We had utopian literature before Frankenstein, but not dystopian. That genre spiked after WWII, probably as people were starting to get scared by the rapid increase of technology and beaurocracy. Many of the dystopian novels today are also very bleak, skeptical, and post-modern. In them, science is being used to control, or has been used to destroy, or is being used to build something monstrous.
Things changed massively after the Industrial Revolution. Not only did we have gigantic bounds in technological capabilities – but we were losing the moral fiber to keep it under control. No wonder it was easy for authors to imagine how quickly things could go wrong. In fact, some of the stuff you read if you dig into the history of the CIA, like I did for a school project, sounds like it should be science fiction.
It was funny to return to The Mysterious Benedict Society as a young adult and realize the subtle social commentary and hints of Big-Brother-like dystopia. Even in that simplified world without cell phones or internet, it was still very easy to conceive of science surpassing some bound, perhaps even dipping into the fantastical, and then being used to manipulate humanity. But I never noticed these themes until I was older and more informed about the world, and understood how truly we are living in an age of monitoring and surveillance.
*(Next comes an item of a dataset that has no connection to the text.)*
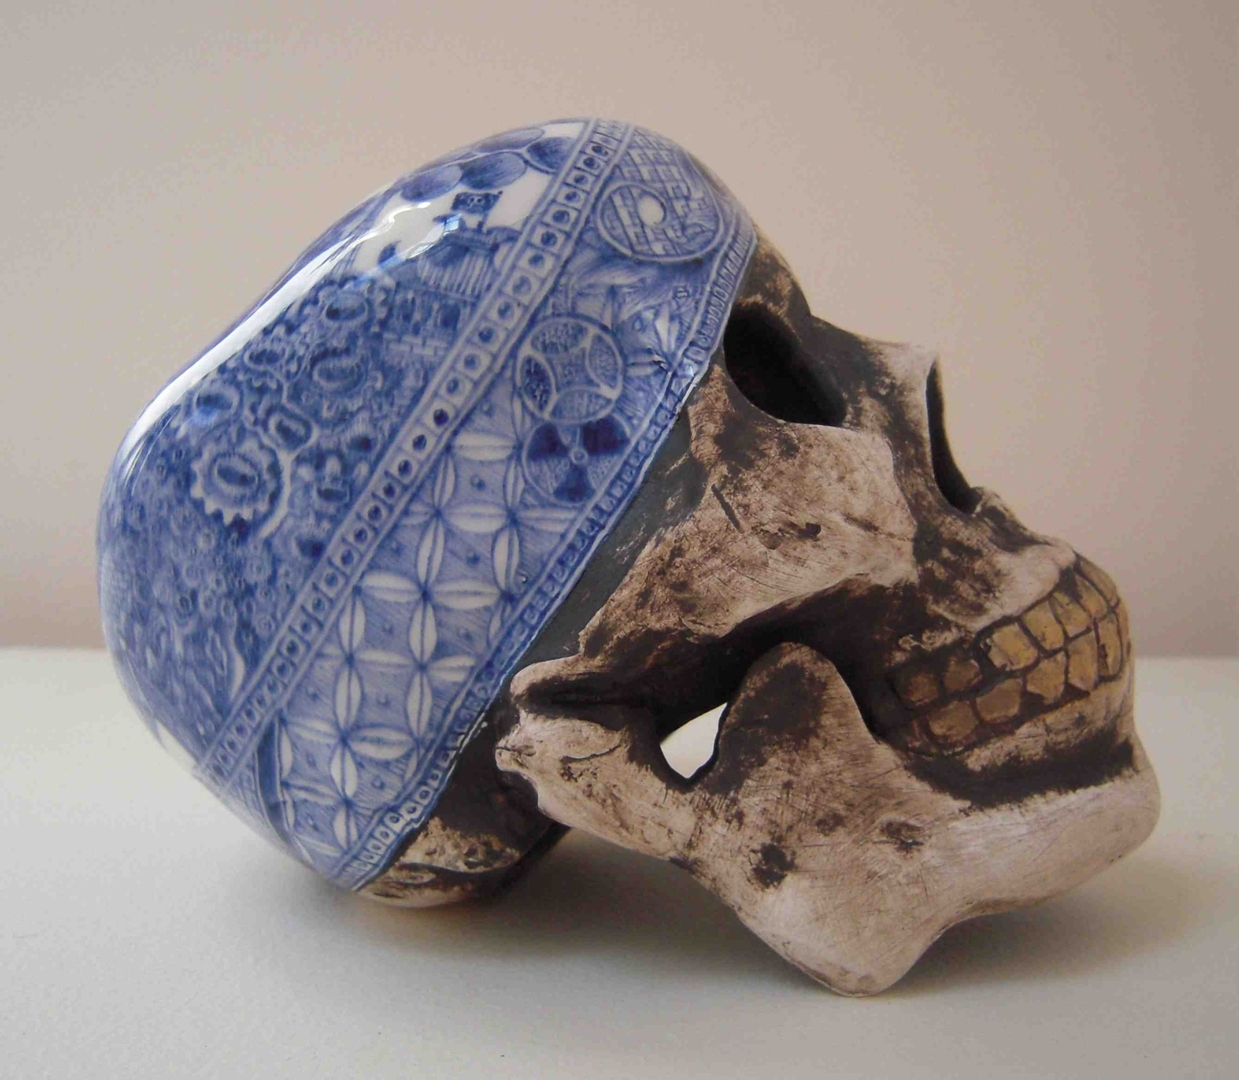 Pirate Skull 2012 image

Frankenstein was written in 1816. Most of the famous dystopian literature today was written in and after the 1900s.It’s a classic story – a man, a little too giddy with his new discoveries, makes a monster, and it escapes and wreaks havoc. A curious thing to note about Victor Frankenstein, though, is that he was also influenced by alchemy and pagan ‘scientists’ during his youth. He seeks the thing which they sought — to defeat death.
“No one can conceive the variety of feelings which bore me onwards, like a hurricane, in the first enthusiasm of success. Life and death appeared to me ideal bounds, which I should first break through, and pour a torrent of light into our dark world. A new species would bless me as its creator and source; many happy and excellent natures would owe their being to me. No father could claim the gratitude of his child so completely as I should deserve theirs.“
– Victor Frankenstein, Frankenstein, Mary Shelley
At its core, his desire to create life, to seek immortality, to be in essence a god, is not a cold, detached thing — it’s struck through with all that old, original sin, that ancient evil that smacks of great, fantastical epics.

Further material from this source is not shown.